Experiment Selection Decision Tree

Can existing data answer this? If yes, mine the data first.
Is this a desirability question? Start with interviews (5-8 users), then validate with a smoke test.
Is this a usability question? Build a prototype and test with 5 users.
Is this a viability question? Test pricing with a landing page or concierge MVP.
Is this a feasibility question? Run a technical spike.
Is the risk high enough to justify investment? If not, accept the assumption and monitor.

Sample Size Guidance

Method	Minimum Sample	Why
Qualitative interviews	5-8 per segment	Saturation reached at 12-13; 5 users reveal ~85% of usability issues (Nielsen)
Surveys	50-200 responses	Needed for statistical confidence on proportions
Smoke tests	100-500 exposures	Need enough traffic for meaningful click-through signal
A/B tests	Calculate per MDE	Use power calculation based on baseline rate and minimum detectable effect

Step 5: Strategyzer Test Card and Learning Card

Test Card (Before the Experiment)

Document before running any experiment:

Field	Content
Hypothesis	We believe [assumption]
Test	To verify, we will [describe the experiment]
Metric	We will measure [specific metric]
Success criteria	We are right if [threshold]
Failure criteria	We are wrong if [threshold]
Timeline	This test will take [duration]
Cost	[Resources, budget, people needed]

Critical: Define success and failure criteria BEFORE running the test. This prevents post-hoc rationalization.
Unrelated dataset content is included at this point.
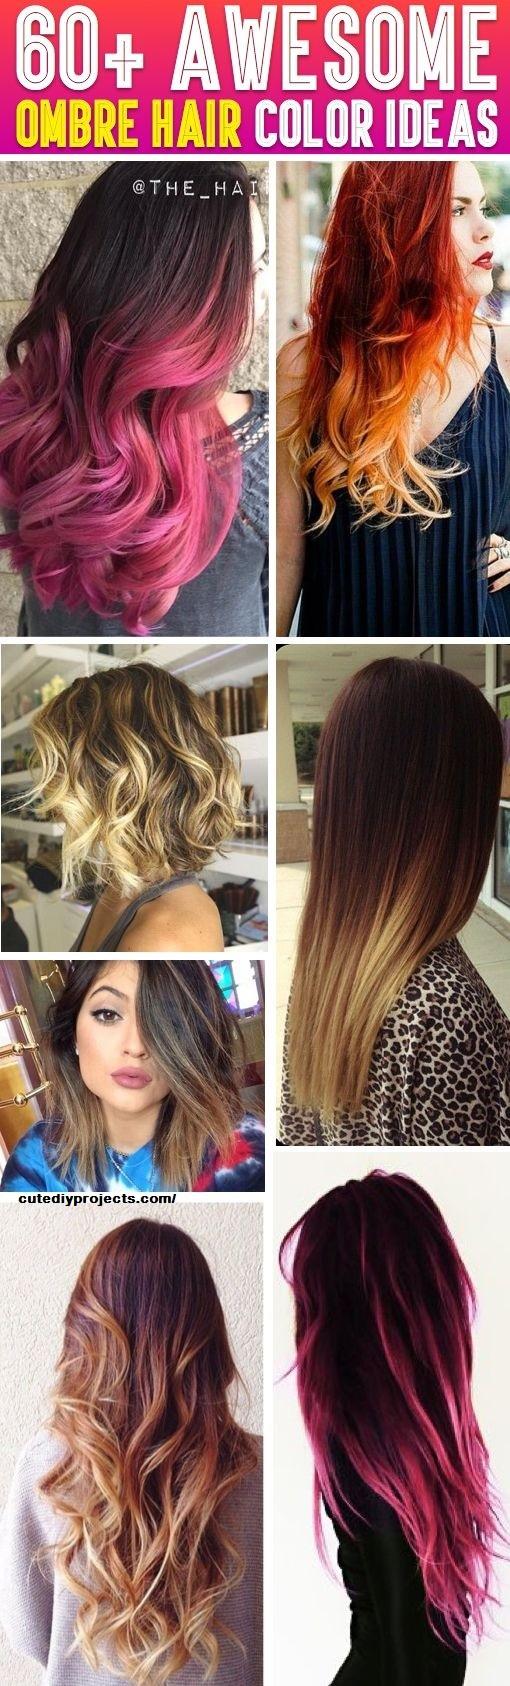 couleur-cheveux-top-4

Learning Card (After the Experiment)

Document after each experiment:

Field	Content
Hypothesis tested	What we set out to validate
Observation	What actually happened, with data
Learnings	Specific insight gained
Decision	Pivot / Persevere / Stop / Run follow-up test
Confidence change	How much did our certainty increase?

Step 6: Pretotyping (Alberto Savoia)

Pretotyping answers "Should we build this?" before prototyping answers "Can we build this?"

XYZ Hypothesis Format

"At least [X percent] of [Y target segment] will [Z measurable action]."

Example: "At least 20% of packaged sushi buyers will buy second-day sushi if it is half the price of fresh sushi."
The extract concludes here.